Only these lines should appear, exactly: the one containing "Azurite Natural Stone Bracelet 8mm Beads" and every line after it through the end of the material below.

WORKING DATA:
----
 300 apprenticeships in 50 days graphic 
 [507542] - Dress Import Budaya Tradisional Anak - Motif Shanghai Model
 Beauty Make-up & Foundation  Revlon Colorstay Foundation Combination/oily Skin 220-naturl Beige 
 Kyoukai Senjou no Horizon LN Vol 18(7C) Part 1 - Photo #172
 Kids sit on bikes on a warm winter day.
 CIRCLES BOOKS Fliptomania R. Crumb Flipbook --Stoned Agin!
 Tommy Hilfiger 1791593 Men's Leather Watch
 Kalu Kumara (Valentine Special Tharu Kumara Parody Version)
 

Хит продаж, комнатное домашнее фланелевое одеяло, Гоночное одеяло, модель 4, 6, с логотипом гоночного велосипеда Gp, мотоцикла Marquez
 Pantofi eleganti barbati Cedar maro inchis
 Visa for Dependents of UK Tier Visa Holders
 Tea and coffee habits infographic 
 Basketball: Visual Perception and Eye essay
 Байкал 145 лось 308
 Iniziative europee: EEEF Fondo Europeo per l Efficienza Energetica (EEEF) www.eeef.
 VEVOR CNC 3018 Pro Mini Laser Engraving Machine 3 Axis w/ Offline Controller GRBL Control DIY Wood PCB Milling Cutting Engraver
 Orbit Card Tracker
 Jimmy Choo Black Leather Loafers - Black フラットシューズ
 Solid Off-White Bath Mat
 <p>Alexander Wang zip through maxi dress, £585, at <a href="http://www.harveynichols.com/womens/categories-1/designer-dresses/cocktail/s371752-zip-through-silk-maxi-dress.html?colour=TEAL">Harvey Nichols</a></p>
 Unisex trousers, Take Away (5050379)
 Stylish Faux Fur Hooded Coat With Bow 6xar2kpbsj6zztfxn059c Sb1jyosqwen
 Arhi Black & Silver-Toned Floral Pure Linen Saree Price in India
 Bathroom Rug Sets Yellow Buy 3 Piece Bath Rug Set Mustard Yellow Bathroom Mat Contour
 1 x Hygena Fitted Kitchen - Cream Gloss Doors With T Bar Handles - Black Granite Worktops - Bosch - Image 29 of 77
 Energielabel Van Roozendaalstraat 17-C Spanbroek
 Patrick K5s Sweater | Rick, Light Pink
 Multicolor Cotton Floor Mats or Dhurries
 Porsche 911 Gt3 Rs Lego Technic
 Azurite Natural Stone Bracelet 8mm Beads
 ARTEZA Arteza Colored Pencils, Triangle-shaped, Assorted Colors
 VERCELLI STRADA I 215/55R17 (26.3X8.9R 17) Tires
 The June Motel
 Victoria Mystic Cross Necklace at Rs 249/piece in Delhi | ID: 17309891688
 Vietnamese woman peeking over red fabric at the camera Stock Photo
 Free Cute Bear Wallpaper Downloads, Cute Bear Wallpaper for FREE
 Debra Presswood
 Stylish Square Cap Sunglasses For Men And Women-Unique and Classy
----
THE ANSWER:
 Azurite Natural Stone Bracelet 8mm Beads
 ARTEZA Arteza Colored Pencils, Triangle-shaped, Assorted Colors
 VERCELLI STRADA I 215/55R17 (26.3X8.9R 17) Tires
 The June Motel
 Victoria Mystic Cross Necklace at Rs 249/piece in Delhi | ID: 17309891688
 Vietnamese woman peeking over red fabric at the camera Stock Photo
 Free Cute Bear Wallpaper Downloads, Cute Bear Wallpaper for FREE
 Debra Presswood
 Stylish Square Cap Sunglasses For Men And Women-Unique and Classy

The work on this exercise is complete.